Please read the passage first.
When the game is on the line, playing to win beats playing not to lose every time. At least, that is the result of a study by David Romer in 2007. For him, this is not just true at the end of a game, but throughout the game. Yet, coaches still play safely and conservatively, preferring to play not to lose rather than to win. Such a mentality is true of most leaders, apparently, who focus upon not screwing up rather than winning. Wayne Stewart, who teaches management at Clemson University, says that successful managers understand that fear of failure is often primary cause of failure. More often than not, risk is the path to reward. I might add that this principle may be true in football, finance, and in faith.
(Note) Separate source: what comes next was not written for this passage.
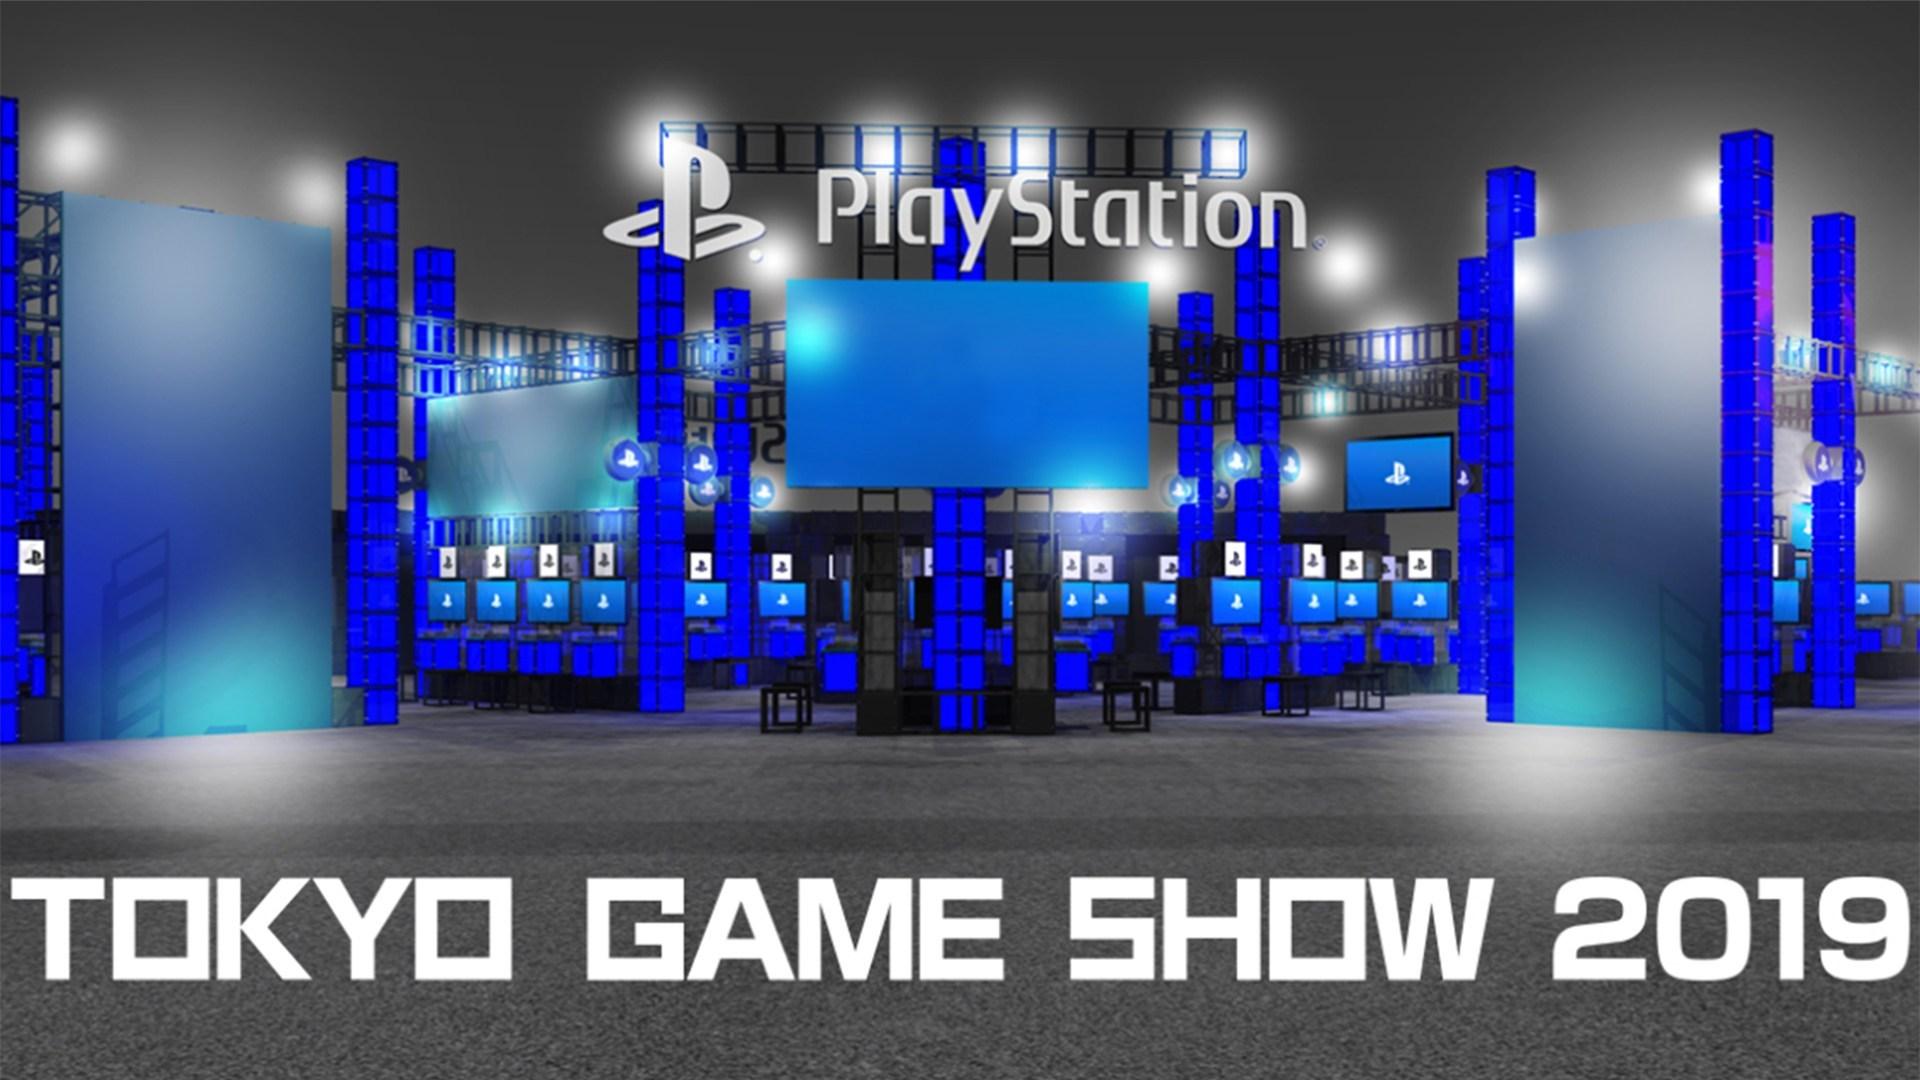 Sony демонстрирует линейку игровых шоу в Токио 2019 года, в том числе серию Death Stranding, Ghosts of Tsushima и другие 1

Jacob’s wrestling match with God in Genesis 32:22-31 shows us how to have a risky faith that goes the extra yard. In spite of the difficulty of the images in this passage, in the end, he was confident he had met God at a crucial time in his life. It led to a new name and reconciliation with his brother.
How many of us have had a sleepless night struggling with our conscience or trying to justify ourselves for some hurt we inflicted? How many of us have suspected God was calling us to something we weren’t keen on and found sleep elusive while we tried to rationalize the whole business away? And how many of us have sought God’s blessing, and been given it, but left without a clear sense of what to do next?
Robert Bly, in his book Iron John, tells of an aboriginal tribe that used to take all the boys, when they reached a certain age, to a special place where they would tell them the ancient stories of their ancestors. They would point to a distant tree where their great ancestor (an Adamic figure) used to sit and where he lost a tooth in a fight with some demonic creature. And while they strain to look at the tree, the adult males come by and knock out one tooth from each of the boys. And then the boys return home as men.
Such unsettling matters are before us. Real growth seems to require struggle and pain. Real spiritual growth may mean a shift in perspective. Real growth may even feel as if God is the “attacker,” the one upsetting the applecart, so to speak, of our lives. Taking the risk of persevering with God, in prayer and in life, will always bring its rewards.